According to various embodiments, the performing of the first PAF calculation or the second PAF calculation may include selecting one of the first direction or the second direction by means of a direction filter of the electronic device (e.g., the electronic device <NUM> of <FIG> or the electronic device <NUM> of <FIG>) and performing PAF calculation for AF data corresponding to the selected direction.

According to various embodiments, the method for performing the AF may further include storing the first AF data or the second AF data in a memory (e.g., a memory <NUM> of <FIG>, a memory <NUM> of <FIG>, or a memory <NUM> of <FIG>) of the electronic device (e.g., the electronic device <NUM> of <FIG> or the electronic device <NUM> of <FIG>).

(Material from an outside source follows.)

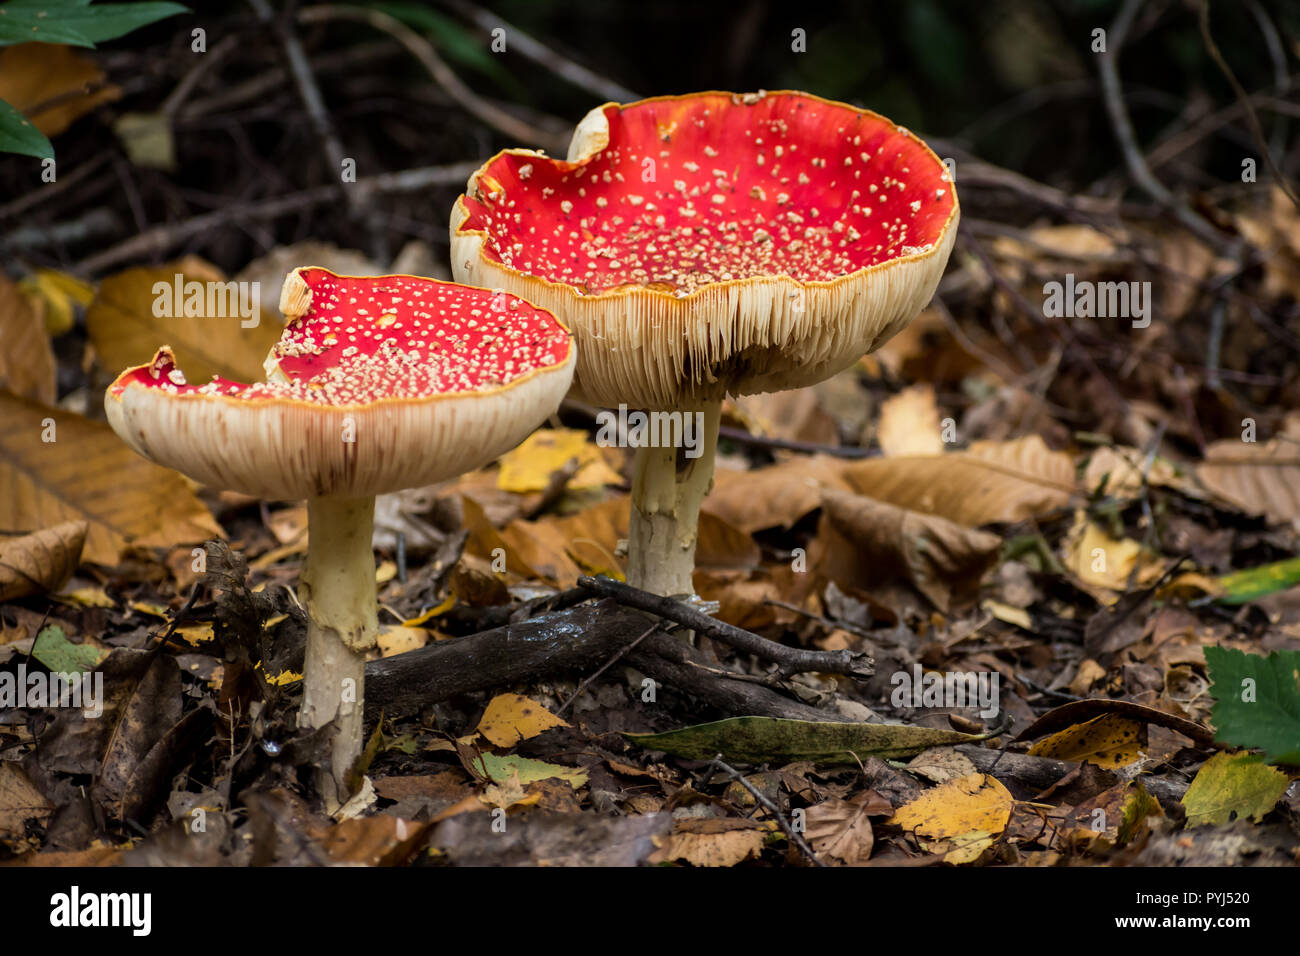 Two Amanita muscaria (fly agaric) mushrooms growing on a woodland floor in West Sussex, UK, surrounded by autumn leaves and twigs. Copy space included Stock Photo

It should be appreciated that various embodiments of the present disclosure and the terms used therein are not intended to limit the technological features set forth herein to particular embodiments and include various changes, or replacements for a corresponding embodiment. As used herein, each of such phrases as "A or B", "at least one of A and B", "at least one of A or B", "A, B, or C", "at least one of A, B, and C", and "at least one of A, B, or C" may include any one of, or all possible combinations of the items enumerated together in a corresponding one of the phrases. As used herein, such terms as "1st" and "2nd", or "first" and "second" may be used to simply distinguish a corresponding component from another, and does not limit the components in other aspect (e.g., importance or order). It is to be understood that if an element (e.g., a first element) is referred to, with or without the term "operatively" or "communicatively", as "coupled with", "coupled to", "connected with", or "connected to" another element (e.g., a second element), it means that the element may be coupled with the other element directly (e.g., wiredly), wirelessly, or via a third element.

Claim 1:
An electronic device, comprising:
an image sensor including a plurality of pixels;
an auto focus, AF, processing unit configured to perform calculation for performing auto focus based on a phase difference;
a memory; and
at least one processor configured to deliver data obtained by the image sensor to the AF processing unit or the memory,
wherein each pixel included in the plurality of pixels includes a plurality of photo diodes and a microlens configured to cover the plurality of photo diodes,
wherein the at least one processor is configured to provide the AF processing unit with first AF data of photo diodes arranged in a first direction among the plurality of photo diodes,
wherein the at least one processor is configured to provide the AF processing unit with second AF data of photo diodes arranged in a second direction among the plurality of photo diodes by rotating or reordering the second AF data to have a data structure in the first direction, and
wherein the AF processing unit performs first phase auto focus, PAF, calculation based on the first AF data and performs second PAF calculation based on the second AF data.